- RECORDED INFORMATION
▶

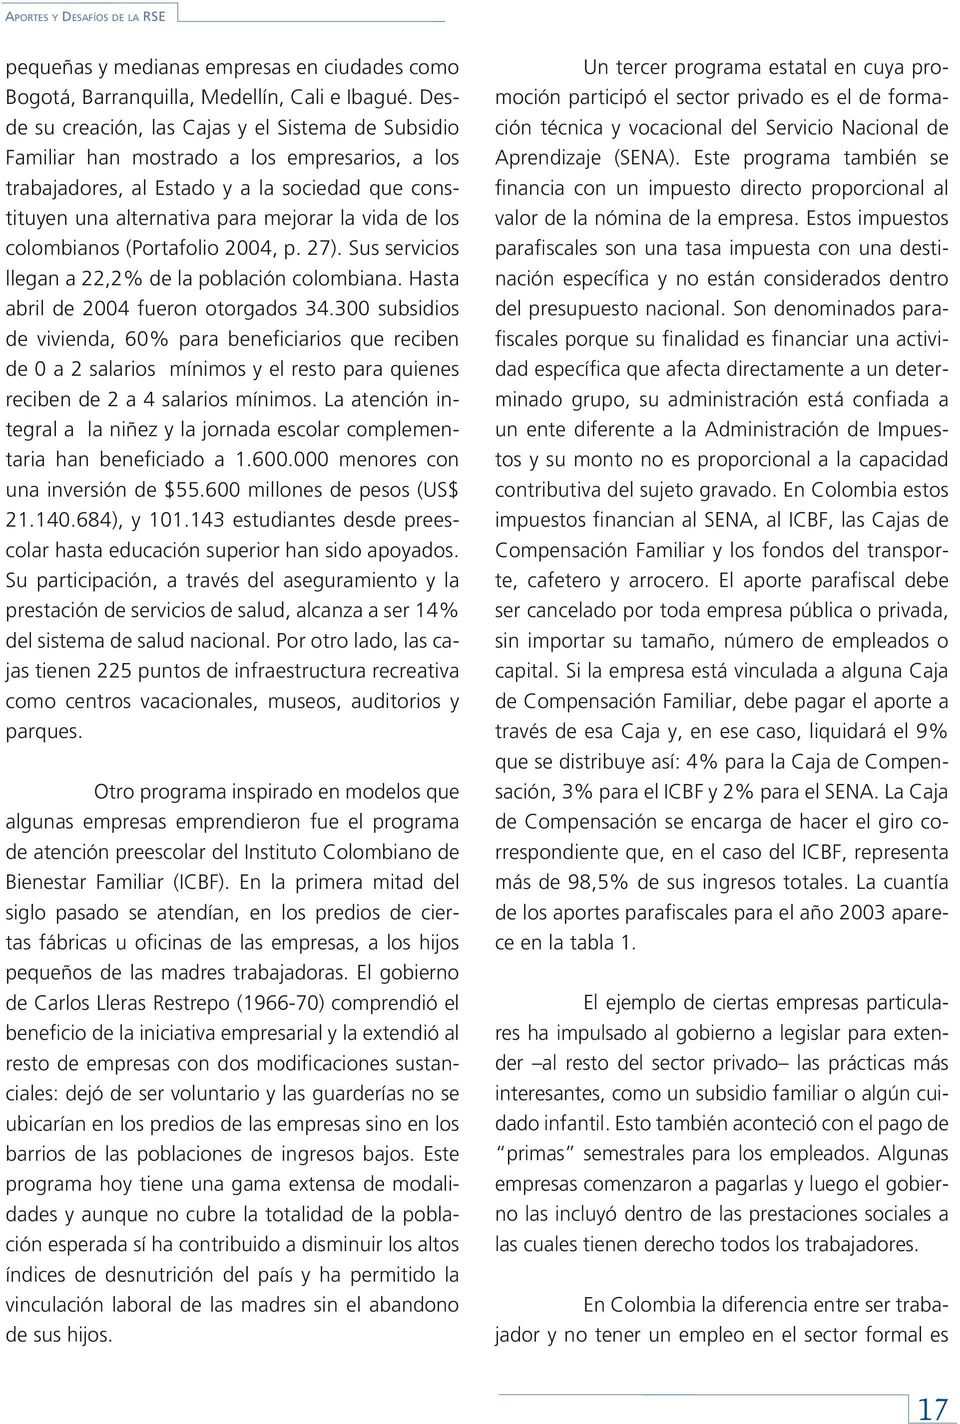 los colombianos (Portafolio 2004, p. 27). Sus servicios llegan a 22,2% de la población colombiana. Hasta abril de 2004 fueron otorgados 34.
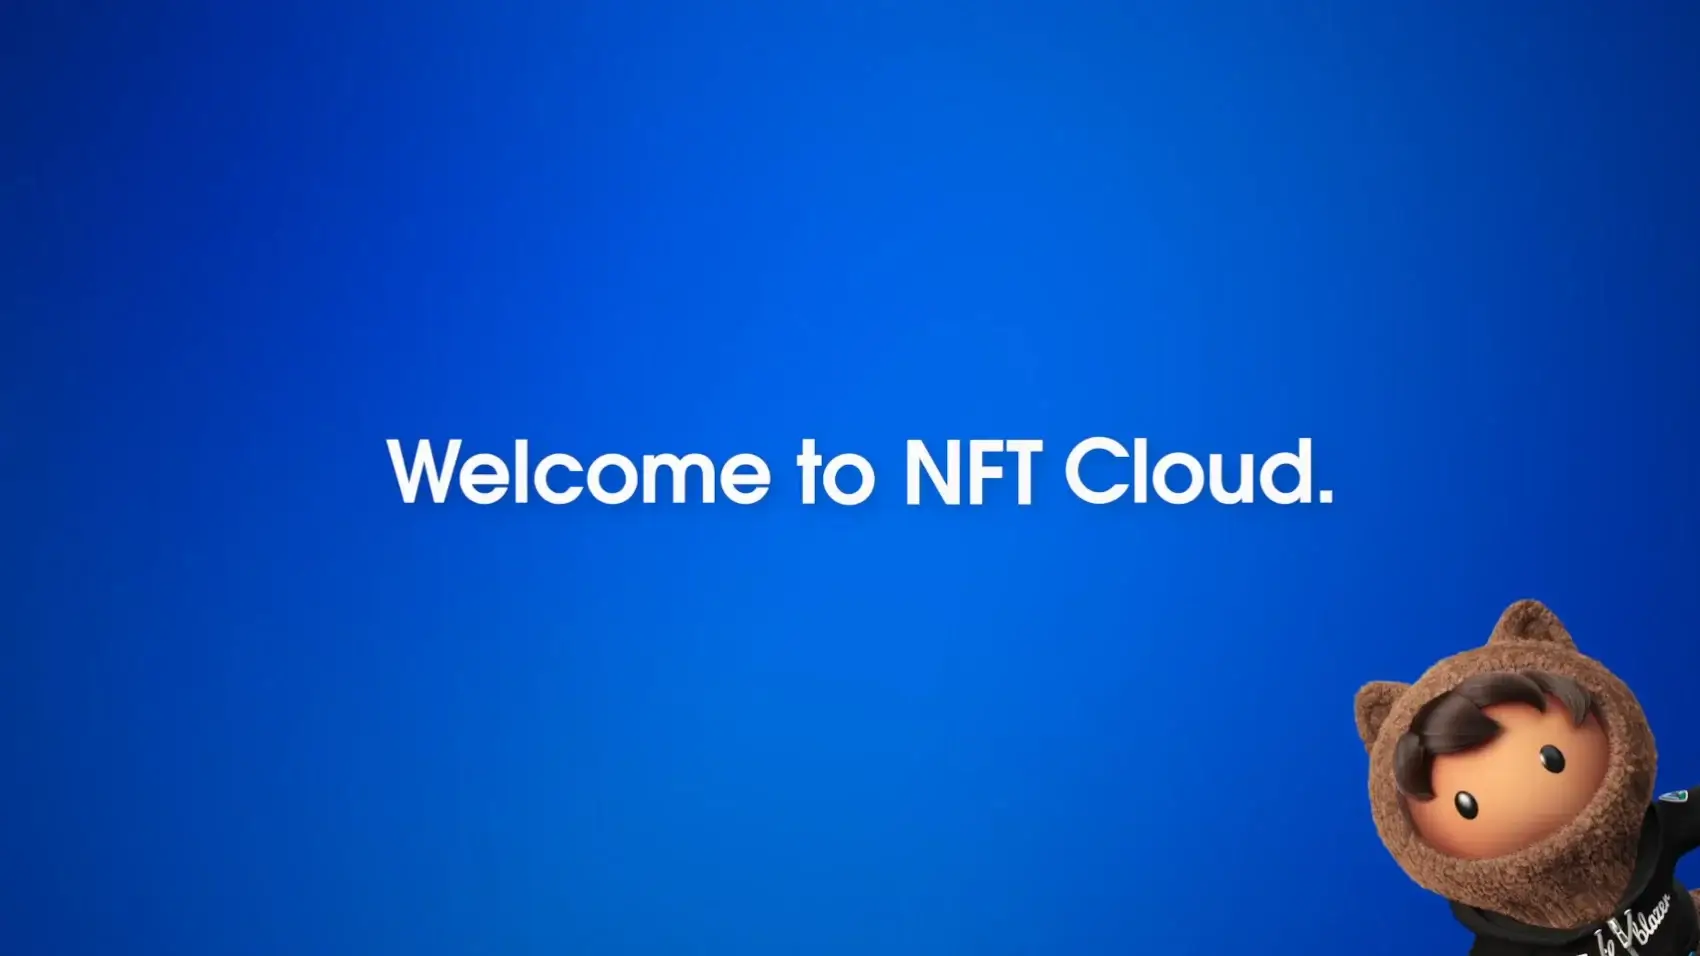 Кто создаёт новые NFT? NFT Cloud от Salesforce. Фото.
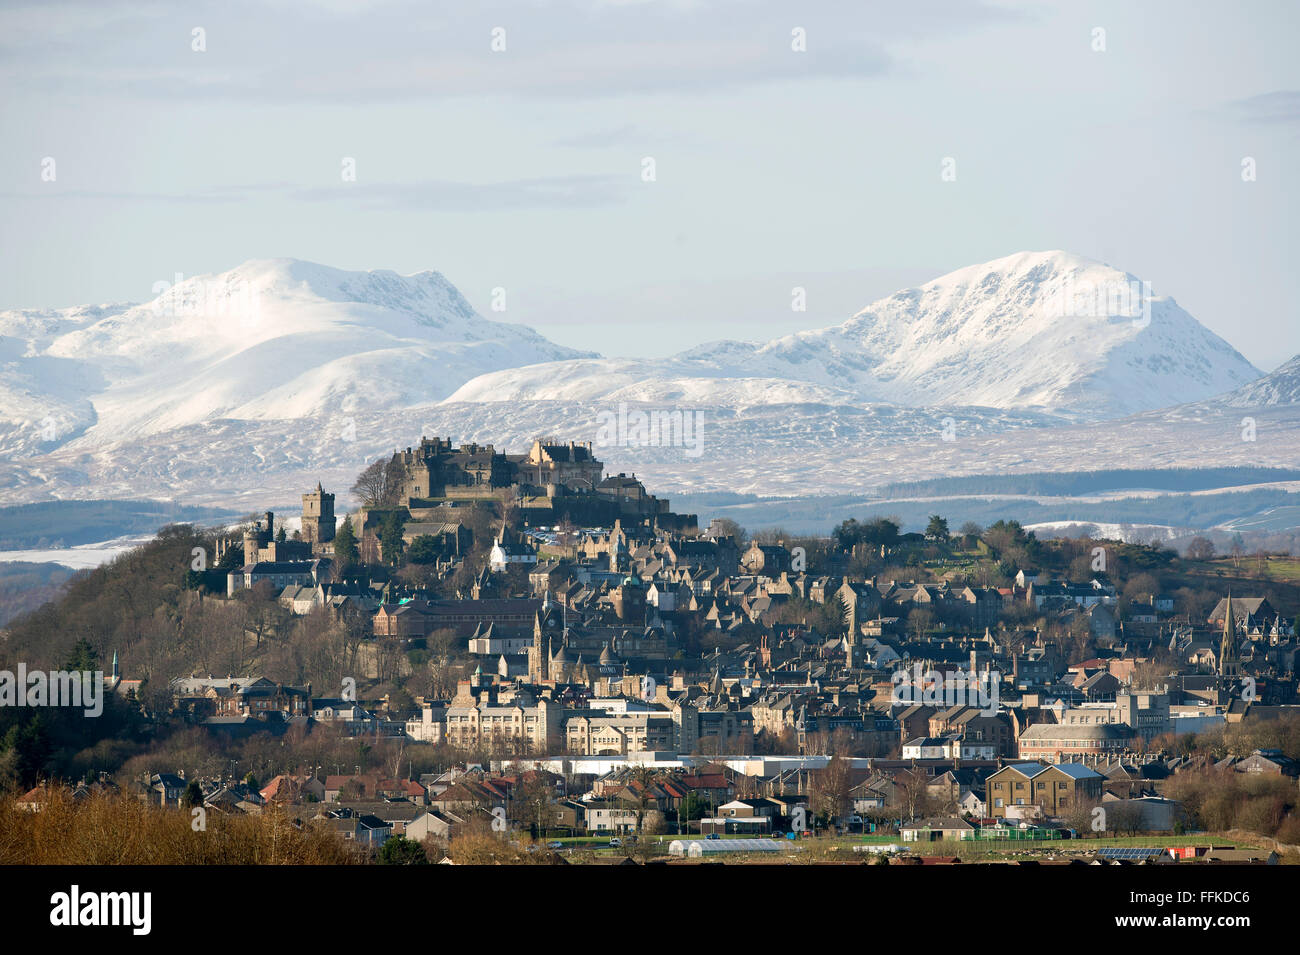 Il 15 febbraio 2016. Il Castello di Stirling e la città di Stirling, in Scozia con coperta di neve Stuc un Chroin e Ben Vorlich in distanza. Foto Stock

◀

- WHAT IS NEEDED
Would you return the material exactly, images excluded?

- ANSWER SECTION
 los colombianos (Portafolio 2004, p. 27). Sus servicios llegan a 22,2% de la población colombiana. Hasta abril de 2004 fueron otorgados 34.
 Кто создаёт новые NFT? NFT Cloud от Salesforce. Фото.
 Il 15 febbraio 2016. Il Castello di Stirling e la città di Stirling, in Scozia con coperta di neve Stuc un Chroin e Ben Vorlich in distanza. Foto Stock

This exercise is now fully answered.